A Spirit commercial airliner prepares to land at San Diego International Airport in San Diego, California, U.S., January 18, 2024. REUTERS/Mike Blake

By Doyinsola Oladipo

NEW YORK (Reuters) -Spirit Airlines on Thursday said it will furlough 365 pilots and downgrade the status of up to 170 pilots in the first quarter of 2026 as it makes larger cuts to its workforce as part of its restructuring efforts.

After filing for bankruptcy in August for the second time in a year, the ultra-low-cost airline told the union representing its pilots that it wants to cut $100 million in annual spending on pilots to conserve cash.

"As part of our ongoing restructuring, we are taking additional steps to align staffing across our organization with our previously announced capacity reduction and smaller operating fleet size," the company said in a statement.

With voluntary attrition, the estimated furloughs are likely to decrease over the next several weeks, Spirit COO John Bendoraitis told employees in a memo seen by Reuters. The company will open the bid at the end of November.

Spirit previously furloughed about 330 pilots and plans to furlough another 270 in November. It has also decided to furlough approximately 1,800 flight attendants, about one-third of its cabin crew, effective December 1.

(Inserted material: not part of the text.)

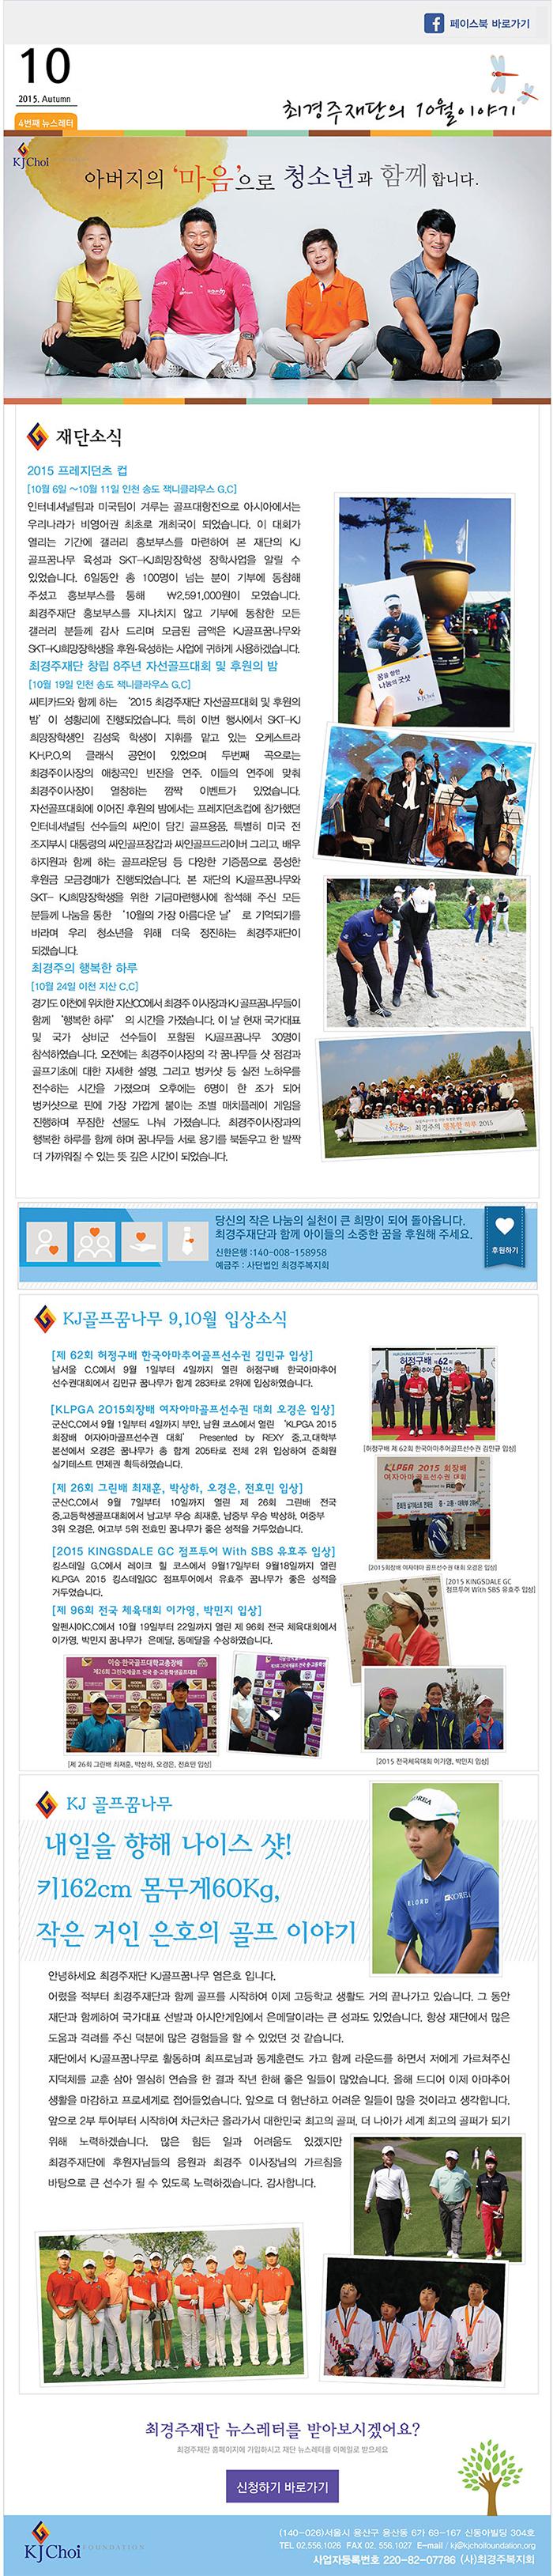 2015 10월 뉴스레터

The Florida-based airline said there will also be reductions across its corporate teams and it plans to make volume-based staffing adjustments across its maintenance stations. The carrier will close its maintenance stations and warehouse operations in Baltimore and Chicago effective January 1, 2026.

Spirit said in a filing that the furloughs are expected to save the company $211 million.

Spirit estimated it would incur losses of $804 million in 2025. It said its transformation plan to return to profitability in 2027 requires it to reduce its network in 2026.